Exercise objective: Copy, word for word, the lines below from the one containing "1x1 rib 4,8x100cm" up to and including the one containing "199 escorts found", with pictures left out.

Provided information:
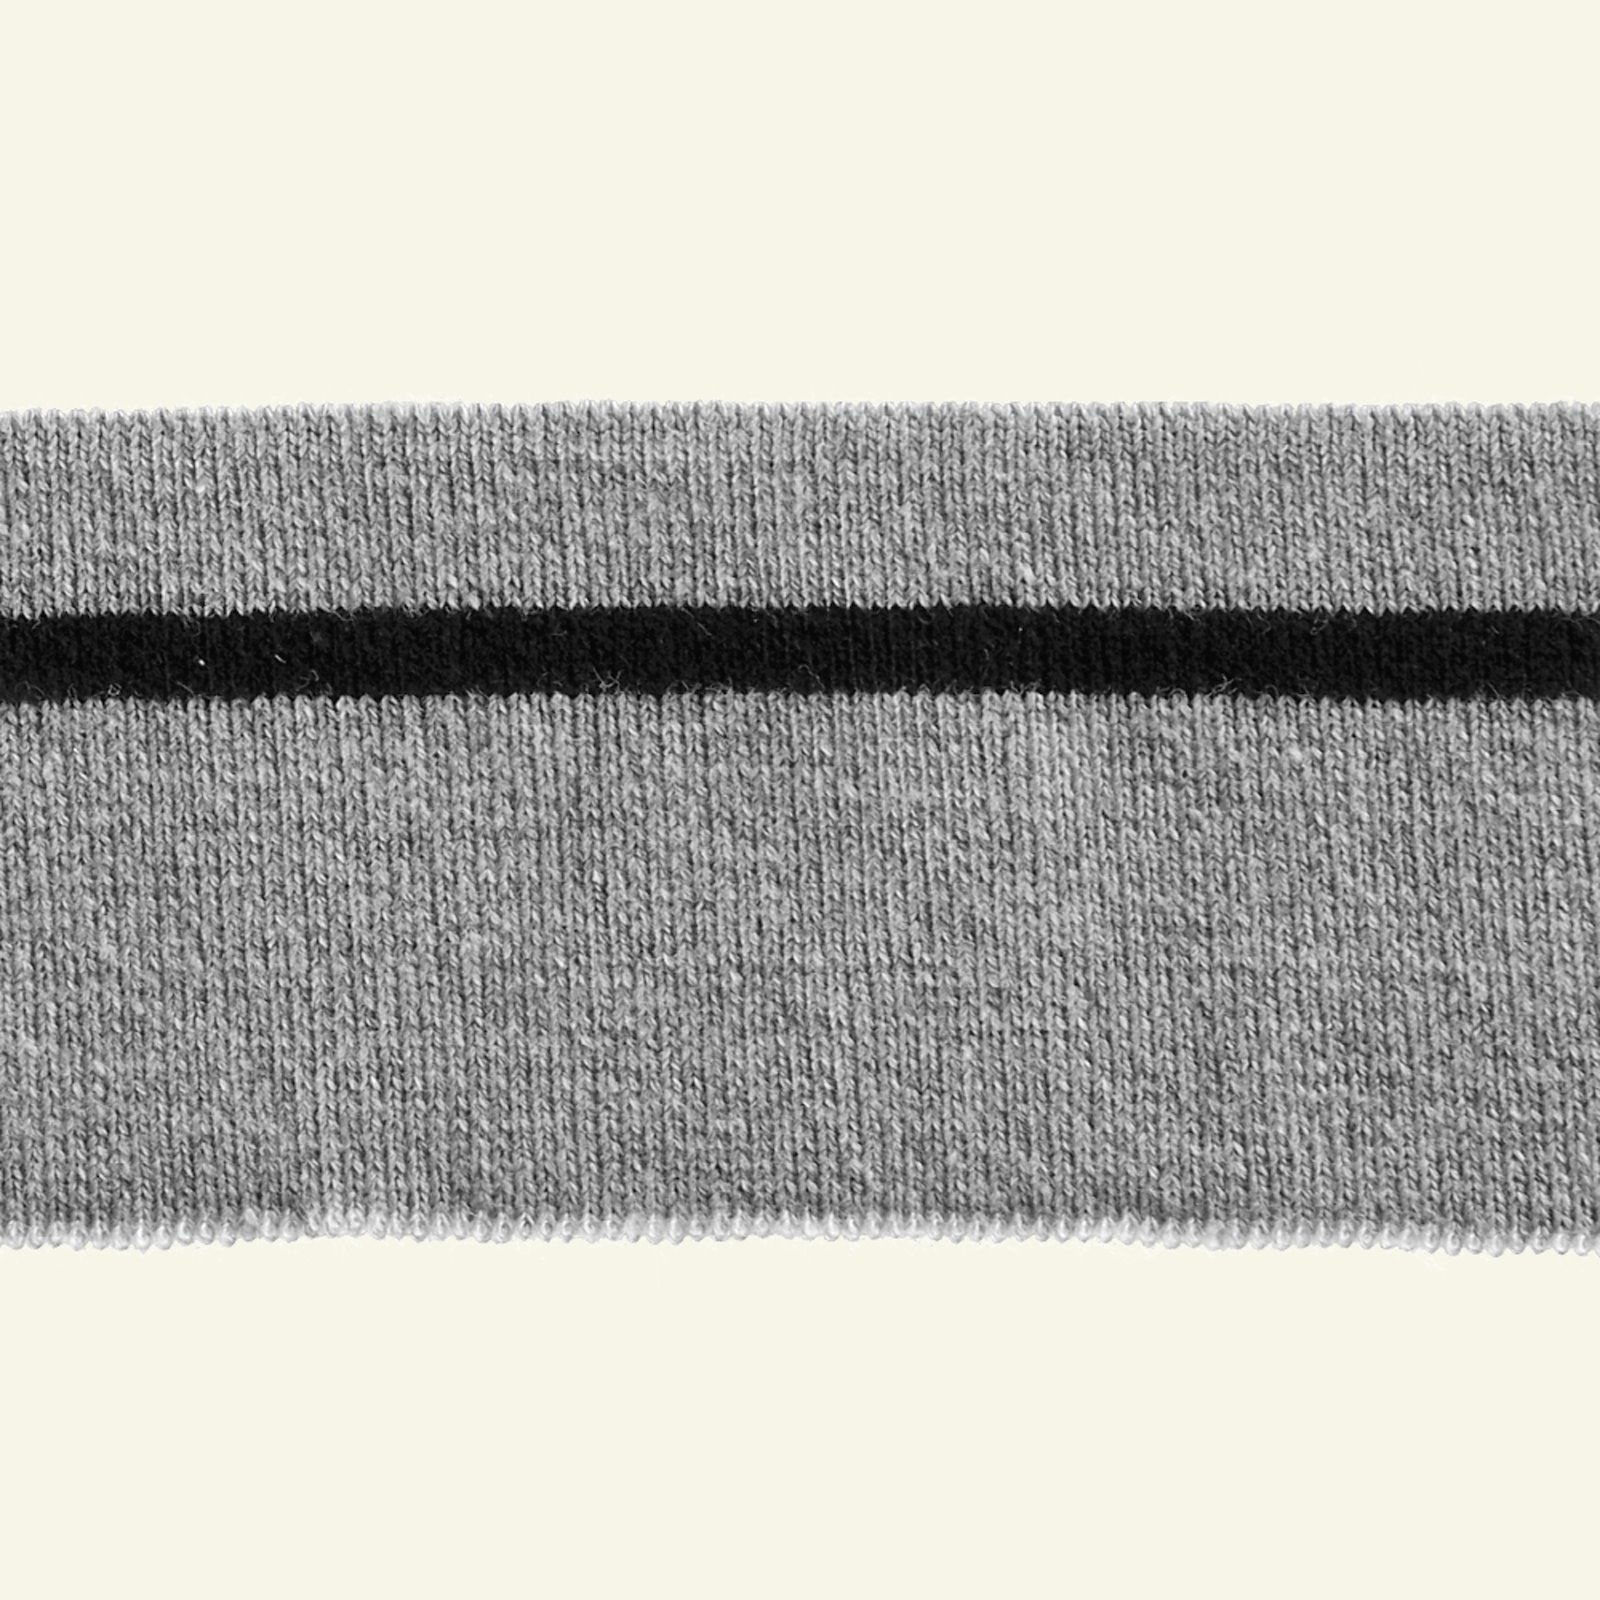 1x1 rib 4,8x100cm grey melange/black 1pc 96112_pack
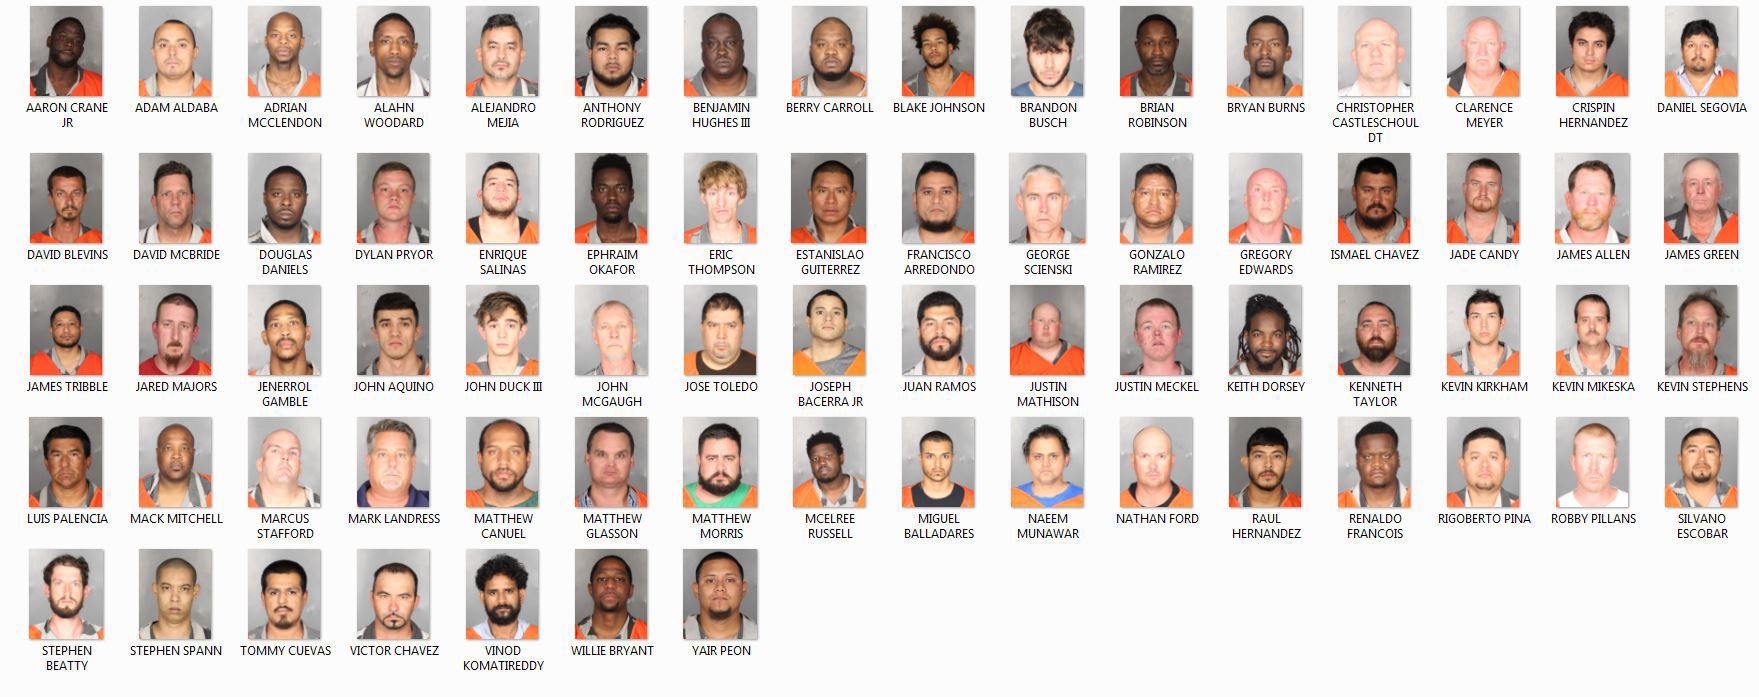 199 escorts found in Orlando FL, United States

--

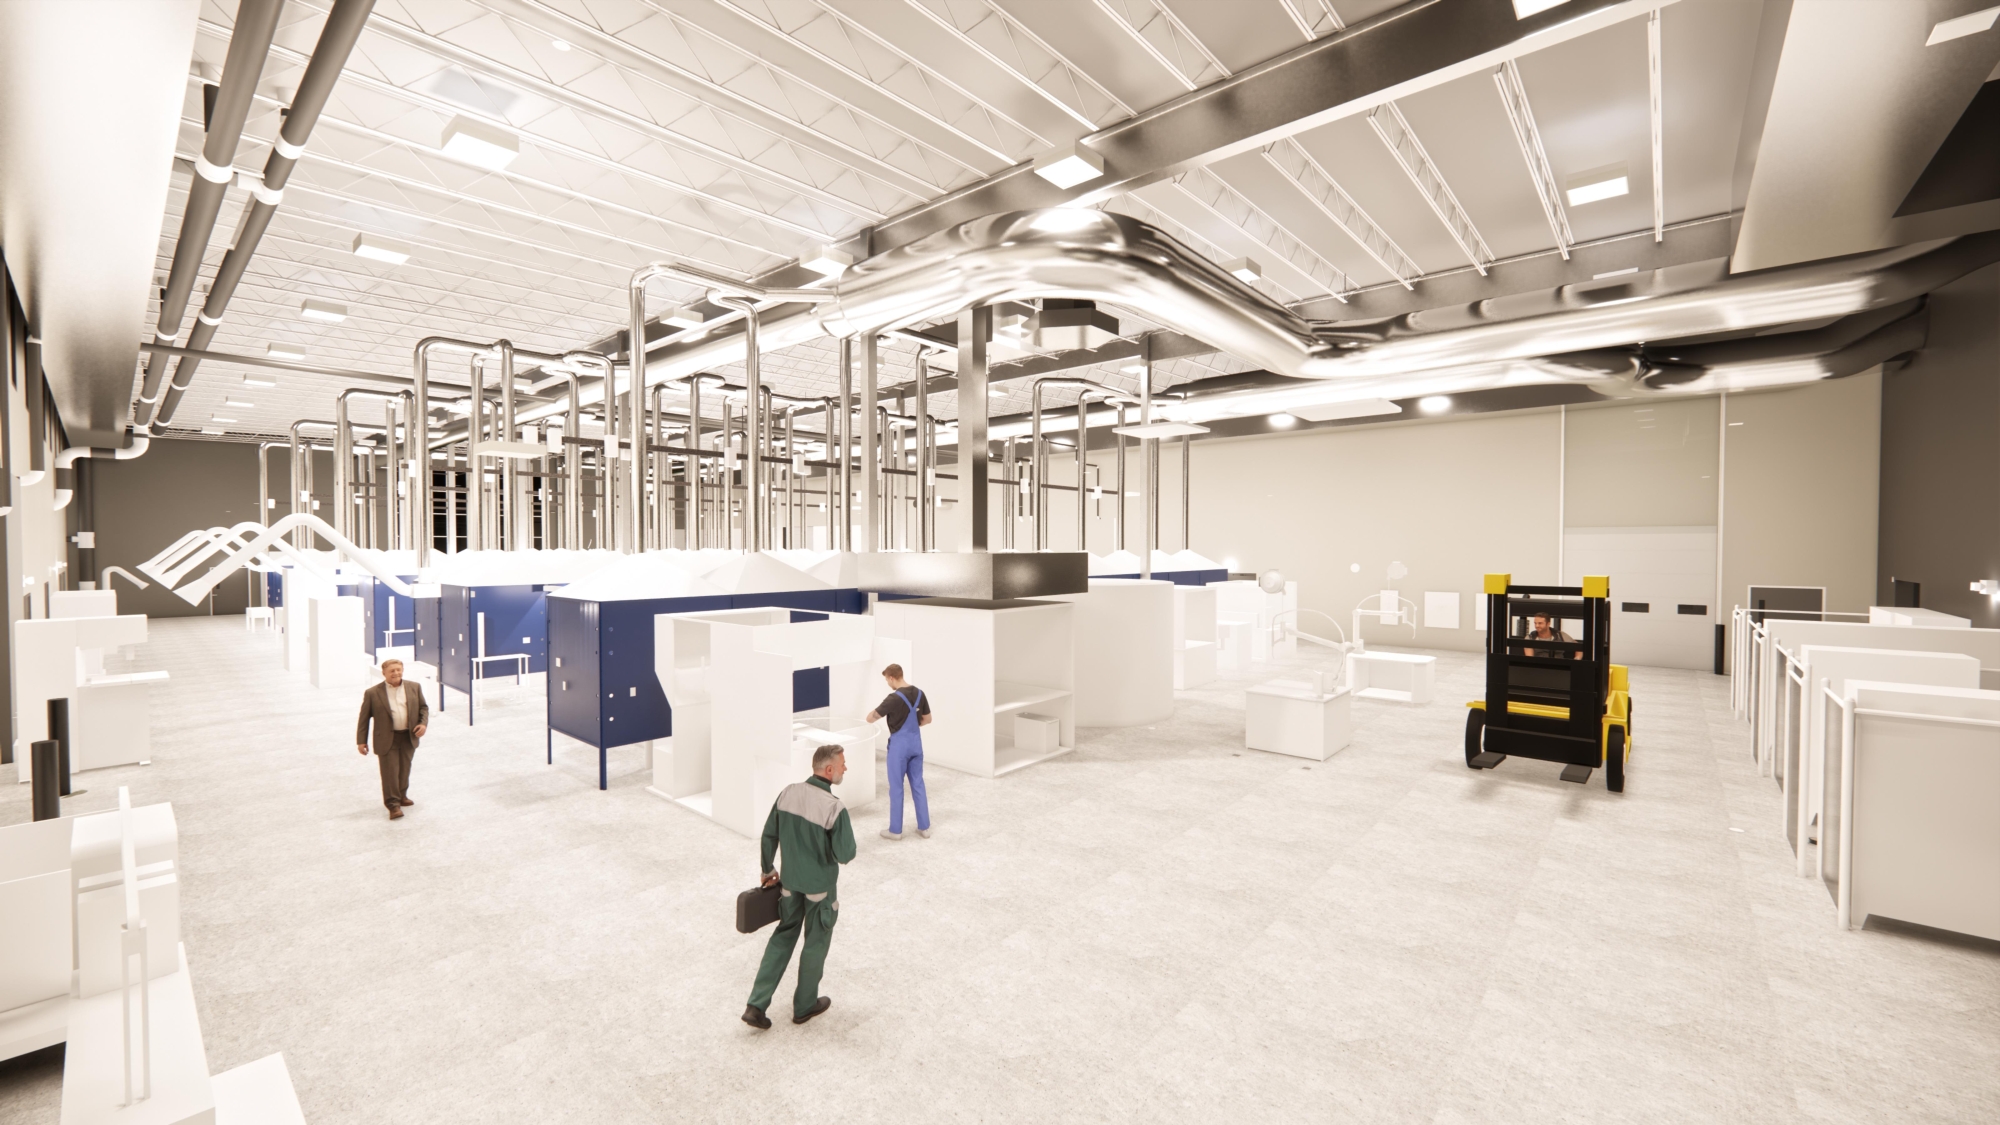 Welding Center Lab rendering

Final answer:
 1x1 rib 4,8x100cm grey melange/black 1pc 96112_pack
 199 escorts found in Orlando FL, United States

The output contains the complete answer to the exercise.